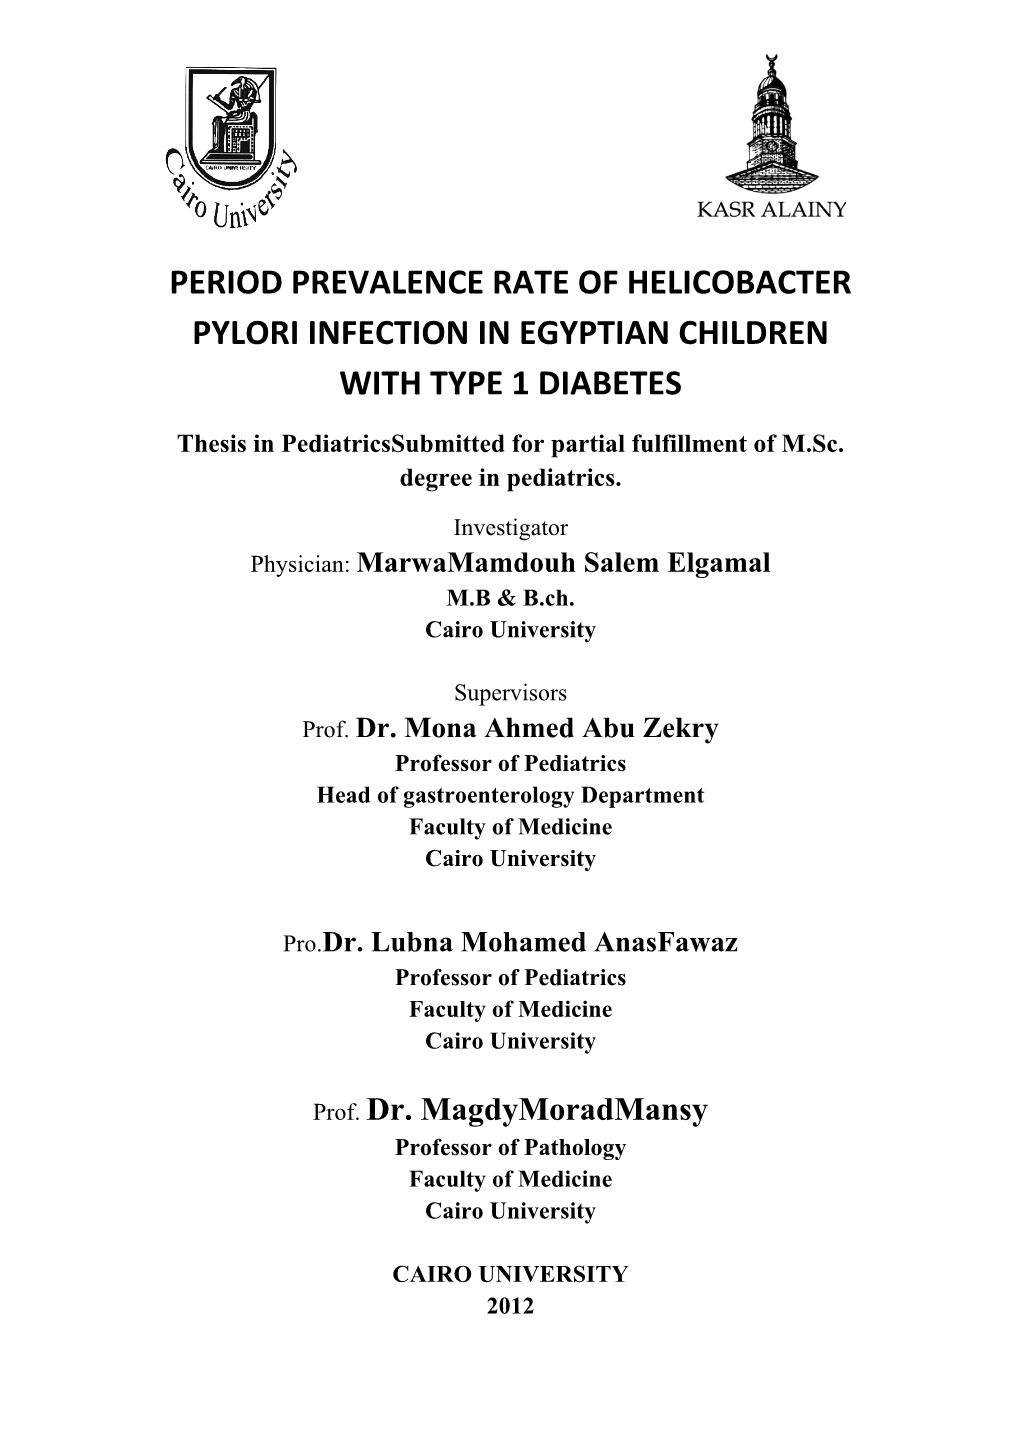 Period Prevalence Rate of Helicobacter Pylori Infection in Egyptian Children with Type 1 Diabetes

_ _ _ _ _

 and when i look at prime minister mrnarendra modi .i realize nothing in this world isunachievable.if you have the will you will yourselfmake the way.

_ _ _ _ _

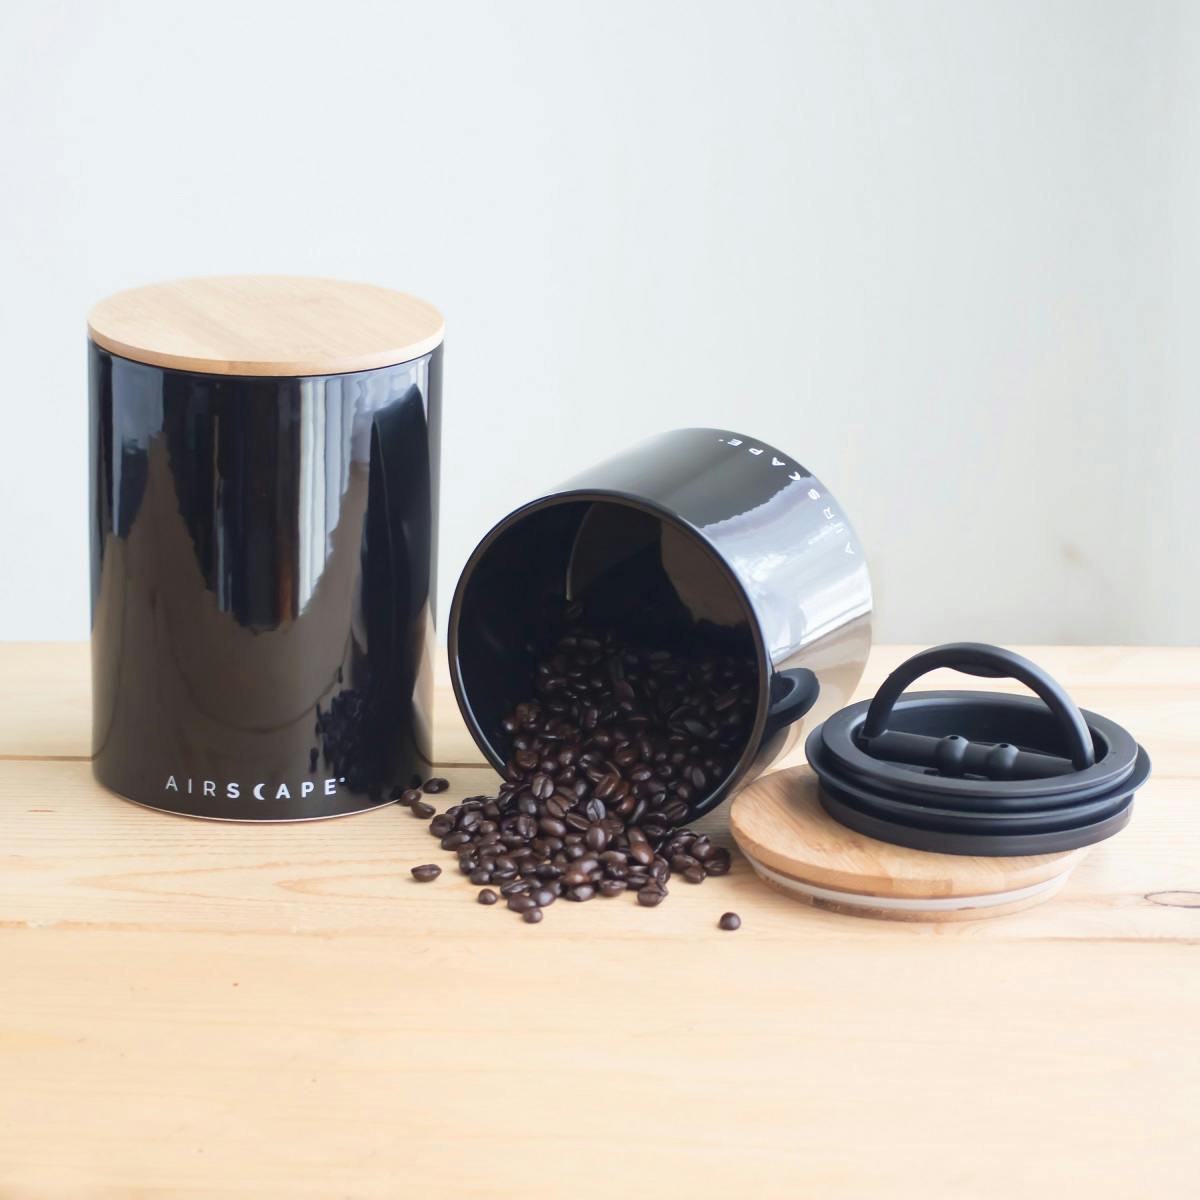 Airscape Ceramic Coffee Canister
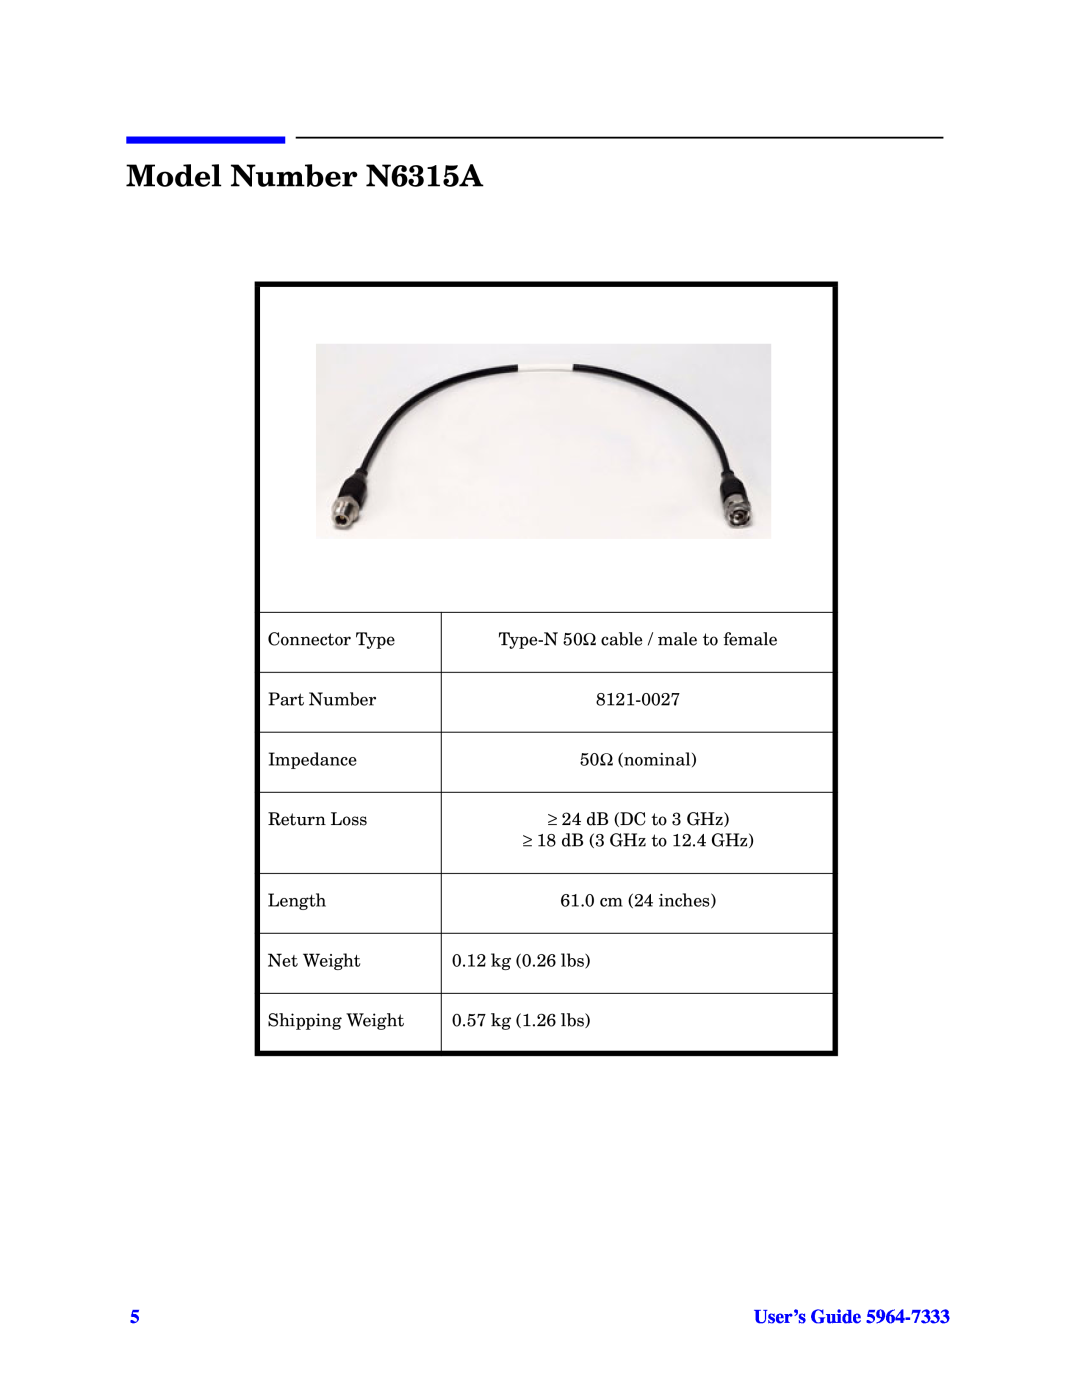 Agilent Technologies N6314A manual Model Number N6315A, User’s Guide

_ _ _ _ _

## [DIRECTIONS]
Transcribe, from the material above, the stretch starting at the line with "Airscape Ceramic Coffee Canister" and ending at the line with "Agilent Technologies N6314A", both included, exactly. Do not carry over pictures.

## [YOUR RESPONSE]
 Airscape Ceramic Coffee Canister
 Agilent Technologies N6314A manual Model Number N6315A, User’s Guide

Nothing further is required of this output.